ChIP reactions probing binding of c-myc-MuB and MuA on the Mu genome during Mu replication. ChIP samples were prepared with either anti-c-myc antibody or anti-MuA antibody using strain SJG3 as described in Methods. Binding on the seven different segments of Mu genome shown in Figure 1a was tested by regular PCR amplification. Input = fragmented whole genome DNA; ChIP = DNA in ChIP samples; Mock = DNA recovered without addition of specific antibody during the ChIP procedure.

Figure 5

qPCR of DNA isolated by ChIP using anti-c-myc-MuB antibody after induction of Mu replication. (a) Location of DNA segments within and outside the Mu prophage.
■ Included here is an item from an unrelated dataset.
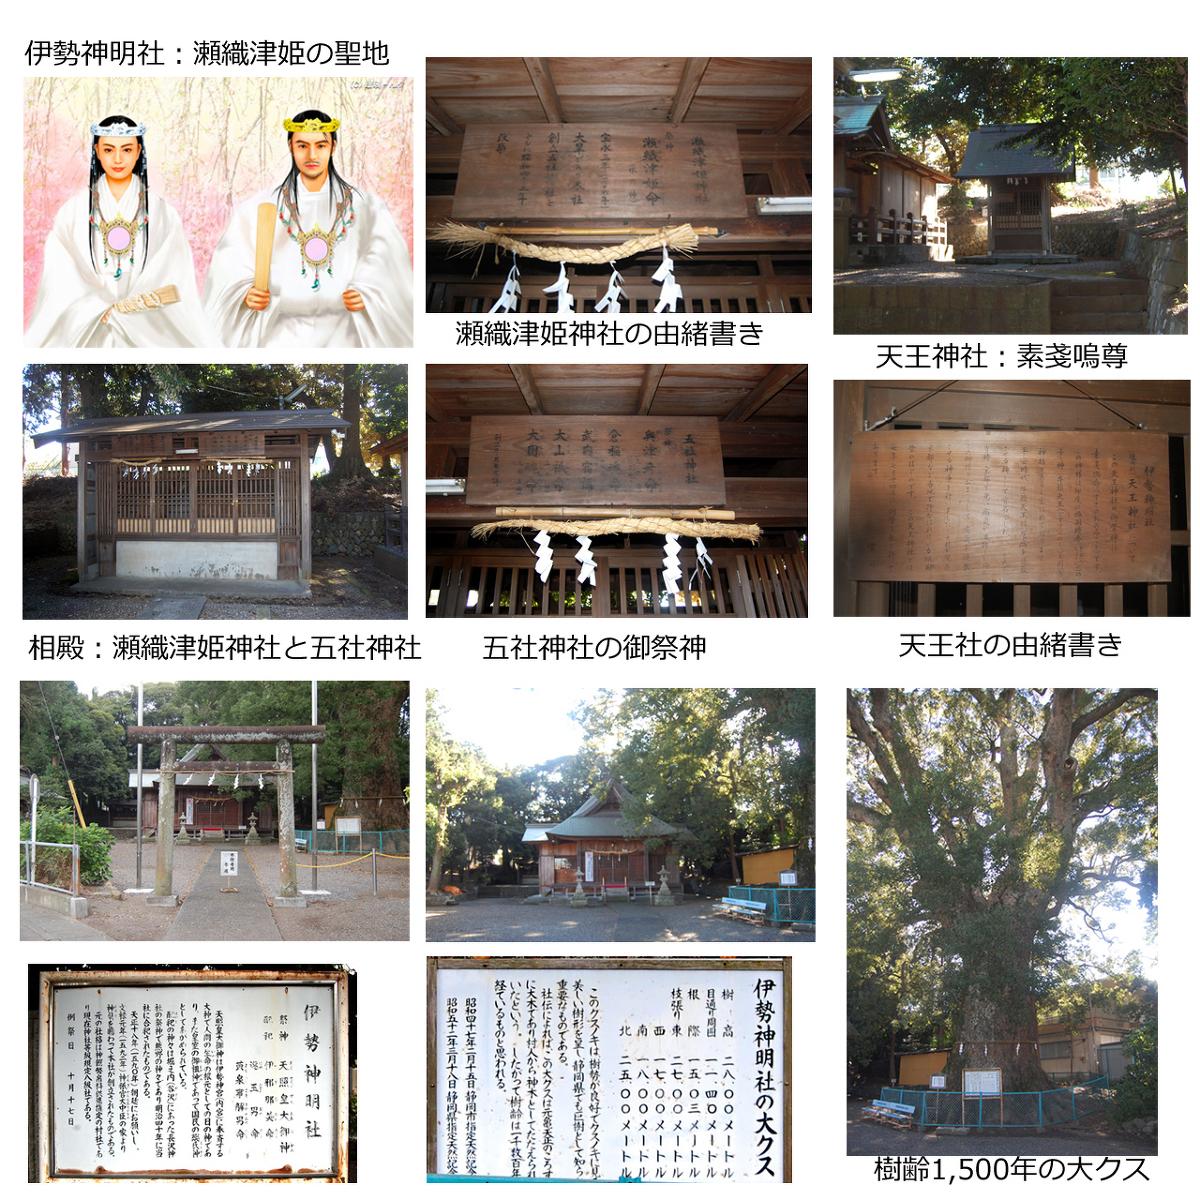 f:id:tukishiro_art_lab:20190708102933j:plain

The Mu insertion is in malF, whose direction of transcription on the E. coli genome is indicated by arrows. The L0 region spans 45 to 328 bp from the beginning of attR, whereas the R0 region spans 89 to 343 bp from the beginning of attL. L1 to L25 and R1 to R25 indicate approximate distance in kb from the Mu ends. Mu1 to Mu7 amplify the following regions in bp, the numbering starting at 1 on the attL. Mu1: 1 to 350; Mu2: 2,650 to 3,021; Mu3: 9,915 to 10,245; Mu4: 17,641 to 17,983; Mu5: 26,419 to 26,790; Mu6: 34,223 to 34,660; Mu7: 36,421 to 36,717. See Additional file 3 for primer sequences. (b) MuB binding to regions indicated in A in three Mu lysogen strains: SJG3, SJG3 Δfis and SJG3 Δhns. Real-time PCR reactions of ChIP samples and Mu copy number estimates were performed as described in Methods. MuB binding to hot (yidP), cold (rfaS) and average (ahpF) Mu insertion target genes in E. coli was monitored in parallel (see Figure 1). The log₂ BBP values are the Ct difference between ChIP and mock samples for each segment. The data are an average of nine experiments: three independent biological repeats, each with three independent technical repeats. BBP = MuB binding preference.

Figure 6

Mu insertions within Mu and flanking DNA in fis and hns mutants.(a) Data for SJG3 are from Figure 1b. All other descriptions as in Figure 1b. (b) FLA analysis of reactions for the Mu4 region. Other descriptions as in Figure 1c. (b) As in (a), except insertions were monitored in L0 to L25 regions in the indicated strains.

Figure 7

A model for Mu genome immunity. The model proposes that segregation of Mu into a separate domain on the E. coli chromosome is aided by the centrally located SGS, which initiates loop formation, and is sealed by either the Mu transpososome assembled on the ends or NAPs. Several NAPs are shown stabilizing this structure, hypothesized to promote formation of MuB filaments, which provide a barrier against self-integration. Fis and H-NS may be expected to reside at the SGS and Mu ends because these proteins prefer A/T rich regions (see Additional file 2). SMCs have been proposed to be involved in the creation of large topological loops by bridging two DNAs at the base of the stem of such loops [29,39].